一个这样的库是 Microsoft.Data.Analysis
library which has added a DataFrame
type which can be created from an Arrow RecordBatch. There is some explanation and examples of the library in this blog post.
我没怎么使用过那个库,但我能够整理一个读取 Arrow 文件和打印数据的简短示例:
using System;
using System.Diagnostics;
using System.IO;
using System.Threading.Tasks;
using Apache.Arrow.Ipc;
using Microsoft.Data.Analysis;
namespace DataframeExperiment
{
class Program
{
static async Task AsyncMain()
{
using (var stream = File.OpenRead("/tmp/test.arrow"))
using (var reader = new ArrowFileReader(stream))
{
var recordBatch = await reader.ReadNextRecordBatchAsync();
Console.WriteLine("Read record batch with {0} column(s)", recordBatch.ColumnCount);
var dataframe = DataFrame.FromArrowRecordBatch(recordBatch);
var columnX = dataframe["x"];
foreach (var value in columnX)
{
Console.WriteLine(value);
}
}
}
static void Main(string[] args)
{
AsyncMain().Wait();
}
}
}
我用一个小 python 脚本创建了测试文件:
import pyarrow as pa
import pyarrow.ipc as ipc
tab = pa.Table.from_pydict({'x': [1, 2, 3], 'y': ['x', 'y', 'z']})
with ipc.RecordBatchFileWriter('/tmp/test.arrow', schema=tab.schema) as writer:
writer.write_table(tab)
您可能还可以使用 C# 和 Apache.Arrow
的 array builders.
创建测试文件
更新(直接使用Apache.Arrow
)
另一方面,如果您想直接使用 Apache.Arrow
,并且仍然可以访问数据,那么您可以使用类型化数组(例如 Int32Array、Int64Array)。您首先需要以某种方式确定数组的类型(通过模式的先验知识或 as
/ is
样式检查或模式匹配)。
这里是一个单独使用 Apache.Arrow
的例子:
using System;
using System.IO;
using System.Threading.Tasks;
using Apache.Arrow;
using Apache.Arrow.Ipc;
namespace ArrayValuesExperiment
{
class Program
{
static async Task AsyncMain()
{
using (var stream = File.OpenRead("/tmp/test.arrow"))

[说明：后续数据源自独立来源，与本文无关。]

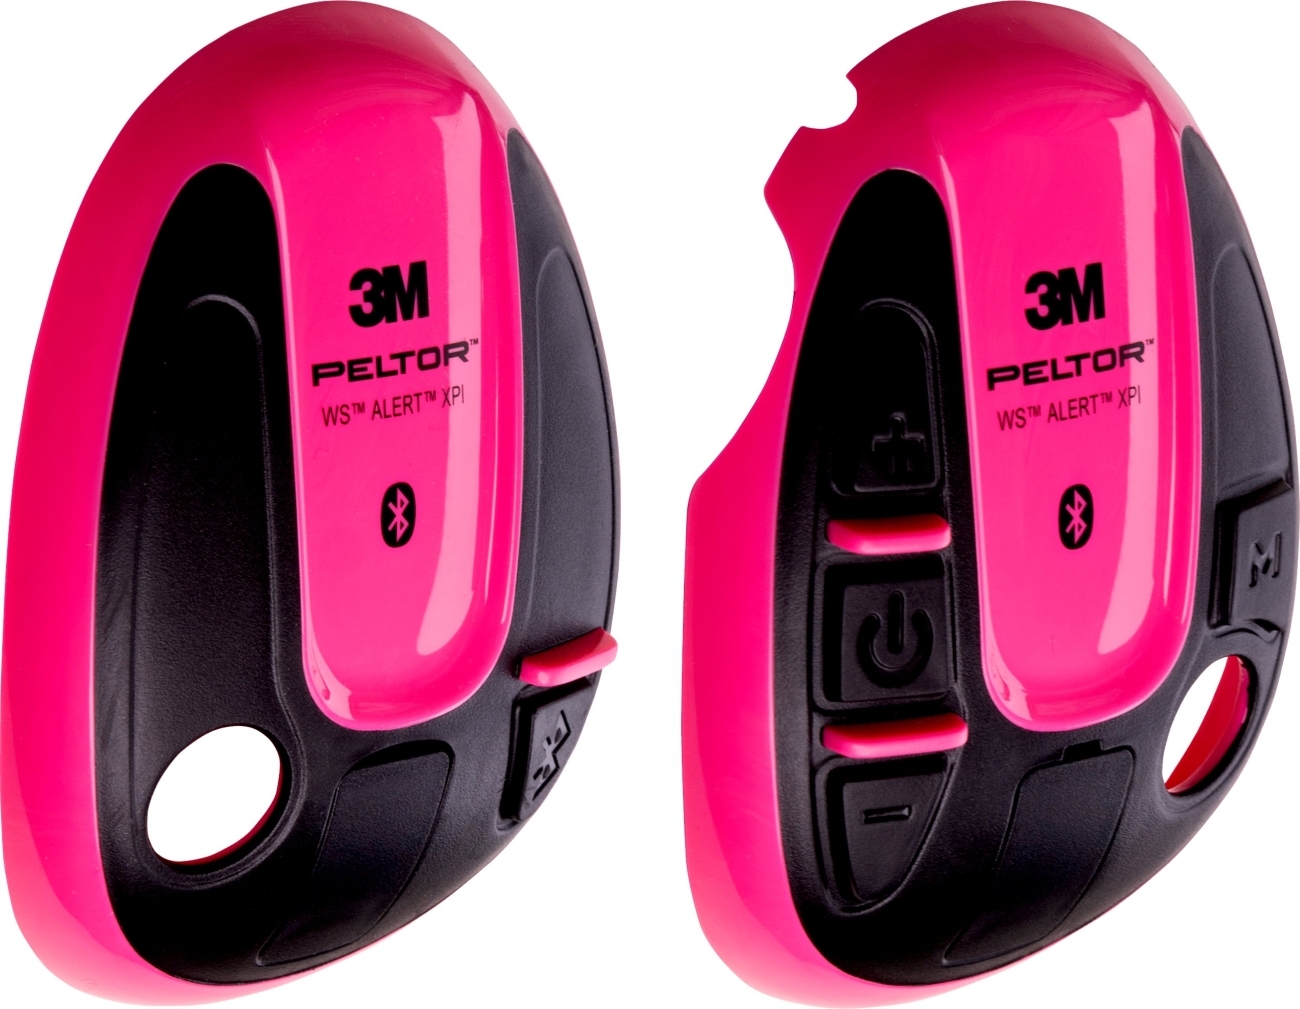 3M PELTOR-suojukset WS ALERT-kuulokkeille, vaaleanpunainen, 1 pari (vasen oikea), 210300-664-RE/1
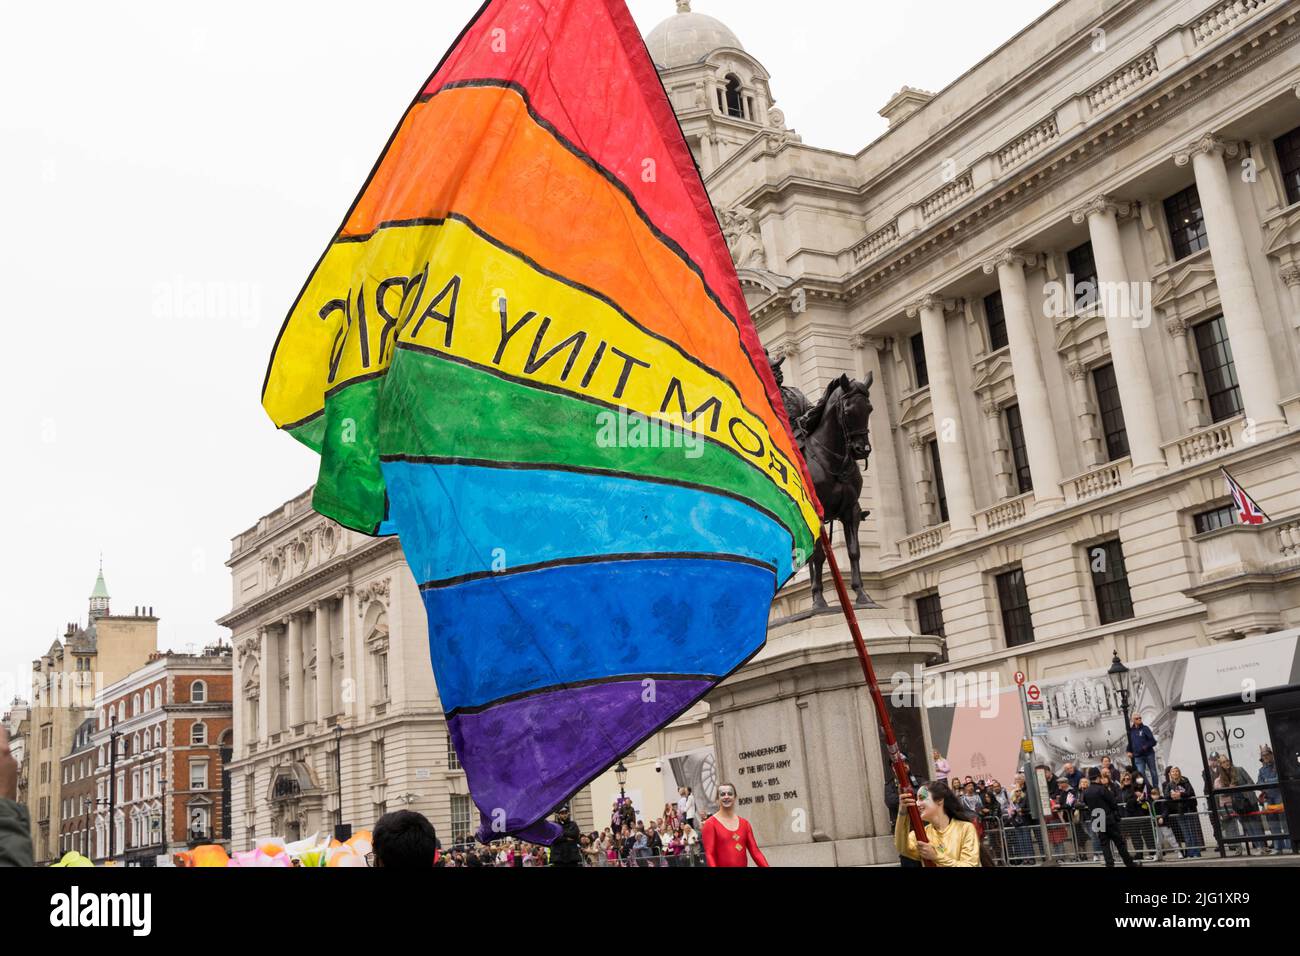 drapeau rainbows vu pendant le défilé de jubilé de platine de la reine Westmister Londres UK Banque D'Images

using (var reader = new ArrowFileReader(stream))
{
var recordBatch = await reader.ReadNextRecordBatchAsync();
// Here I am relying on the fact that I know column
// 0 is an int64 array.
var columnX = (Int64Array) recordBatch.Column(0);
for (int i = 0; i < columnX.Values.Length; i++)
{
Console.WriteLine(columnX.Values[i]);
}
}
}
static void Main(string[] args)
{
AsyncMain().Wait();
}
}
}
我正在尝试读取箭头文件的内容,但无法找到从中获取实际数据的函数。我也找不到任何有用的例子来读取数据。例如 here.
C#读写代码示例:
// Write
var recordBatch = new Apache.Arrow.RecordBatch.Builder(memoryAllocator)
.Append("Column A", false, col => col.Int32(array => array.AppendRange(Enumerable.Range(5, 15))))
.Build();
using (var stream = File.OpenWrite(filePath))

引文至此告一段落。